Преступление и кара. Выставка в Италии и одноименный роман Достоевского

Устроитель новой миланской выставки, развернутой в библиотеке Амброзиана до середины июня [2003 г.], монсеньор Марко Балларини, был горд придуманным им названием.
"Да, мы взяли титул знаменитой книги Достоевского в качестве нашей эмблемы, — пояснил мне культурный прелат — великий русский роман! "Преступление и кара"! Отличное название! Бениссимо!"
И, действительно, именно так переведен на итальянский самый петербургский роман Федора Михайловича. Для акта, долженствующего следовать за преступлением, в этом языке существуют, как и положено, два разных слова: "pena", "наказание" и "castigo", "кара". Первый переводчик Достоевского на язык Данте и Боккаччо подправил титул, поставив "Преступление и кара".
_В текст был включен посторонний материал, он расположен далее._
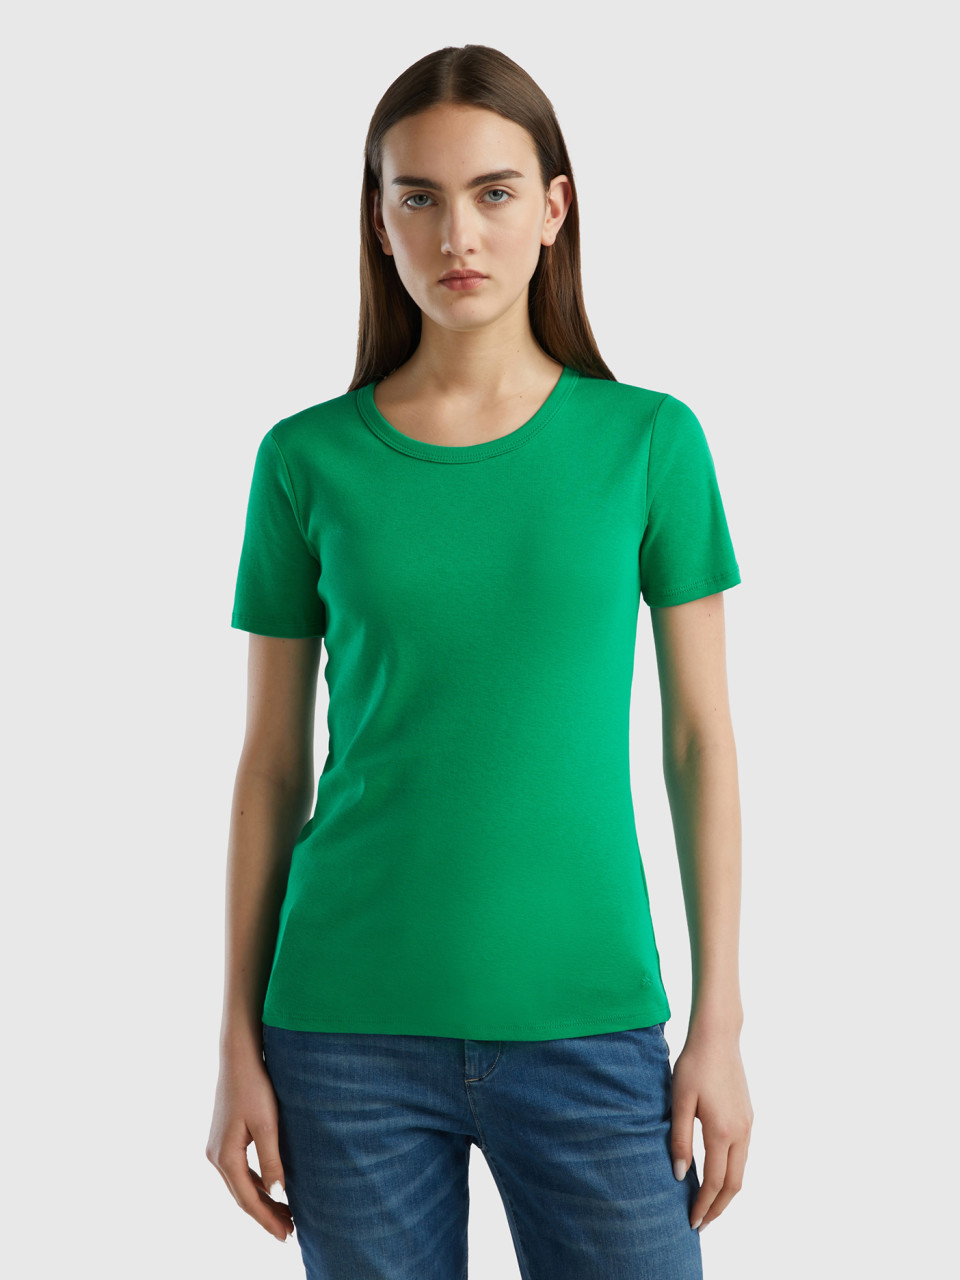 Benetton, Long Fiber Cotton T-shirt, Green, Women

"И правильно сделал! — заключил свой филологический экскурс монсеньор: — "Достоевский, конечно же, имел в виду не наказание, налагаемое человеческими институтами, а кару в ее не мирском измерении".
Изюминка выставки состояла в том, что к Достоевскому она имела отношение одним лишь названием, а посвящена была другой эпохальной для европейской культуре книге, "О преступлениях и наказаниях" и ее влиянию.
Автор труда, миланец Чезаре Беккария, имел в виду именно не кару, как Достоевский, а репрессивные меры общества против преступников, то есть наказание. Пафос автора заключался в мысли, что обществу, желающему избавиться от преступников вовсе не нужно их убивать. И об этом напоминал подзаголовок выставки "Смертная казнь, пытки и новое правосудие". Книга быстро обошла тогдашний цивилизованный мир — первым государством, отменившим смертную казнь, стало Великое герцогство Тосканское (1786). Несколько позднее ее отменили в революционной Франции по предложению Робеспьера, с тем, чтобы внедрить ее затем с новой силой. Прибыв в Петербург, книга понравилась императрице Екатерине Второй, да так, что она переписала из нее целые главы в свой "Наказ", не сославшись, понятное дело на автора, и вообще для своего времени слыла государыней гуманной.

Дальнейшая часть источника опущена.